Get Vault Agent Metrics

curl -s -x '' http://127.0.0.1:8100/agent/v1/metrics?format=prometheus | grep vault_agent_auth
# HELP vault_agent_auth_authenticated vault_agent_auth_authenticated
# TYPE vault_agent_auth_authenticated gauge
vault_agent_auth_authenticated 1
# HELP vault_agent_auth_failure vault_agent_auth_failure
# TYPE vault_agent_auth_failure counter
vault_agent_auth_failure 4
# HELP vault_agent_auth_success vault_agent_auth_success
# TYPE vault_agent_auth_success counter
vault_agent_auth_success 2

markafarrell avatar Apr 22 '24 03:04 markafarrell

Hi @markafarrell, thank you so much for your PR! Before we proceed - I'd love to understand your use case a little bit better. Currently, we can see when authentication has succeeded and the agent has a valid token in the server logs (ie. https://github.com/hashicorp/vault/blob/main/command/agentproxyshared/auth/auth.go#L480 ). Is there a reason that telemetry might better serve your needs than the server logs?

divyaac avatar Apr 22 '24 20:04 divyaac

@divyaac Having a metric makes it much easier to integrate with alerting tools like Prometheus alert manager.

Then you can get an alert when that metric goes to zero so you can promptly act. Instead of having to look at logs to see that the agent is not authenticated

markafarrell avatar Apr 22 '24 21:04 markafarrell

@divyaac Having a metric makes it much easier to integrate with alerting tools like Prometheus alert manager.
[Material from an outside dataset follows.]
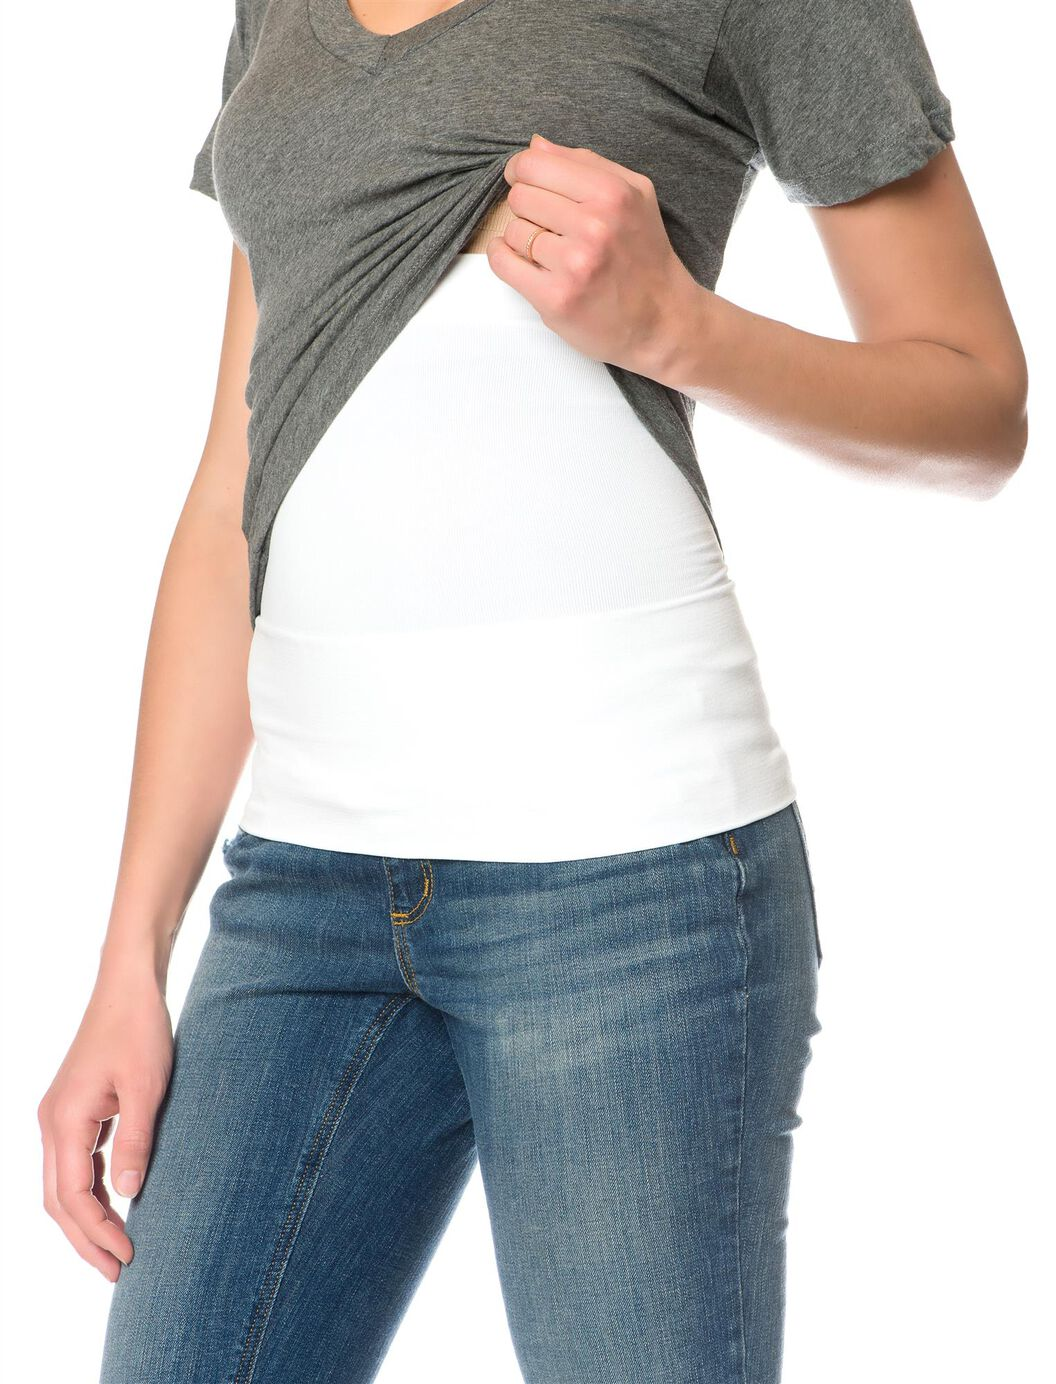 Bounceback Post Pregnancy Tummy Transformer at Motherhood Maternity in Victor, NY   Tuggl

Then you can get an alert when that metric goes to zero so you can promptly act. Instead of having to look at logs to see that the agent is not authenticated

Thanks for your response @markafarrell . I think adding this metric would make sense. After addressing the comments we should be able to get move this PR along!

divyaac avatar Apr 23 '24 18:04 divyaac

Thanks for this! I chatted with @divyaac and she's approved it, I resolved the merge conflicts (I think they were mostly my fault!) and I'll try and get this merged if everything passes. Great work :D

VioletHynes avatar May 28 '24 15:05 VioletHynes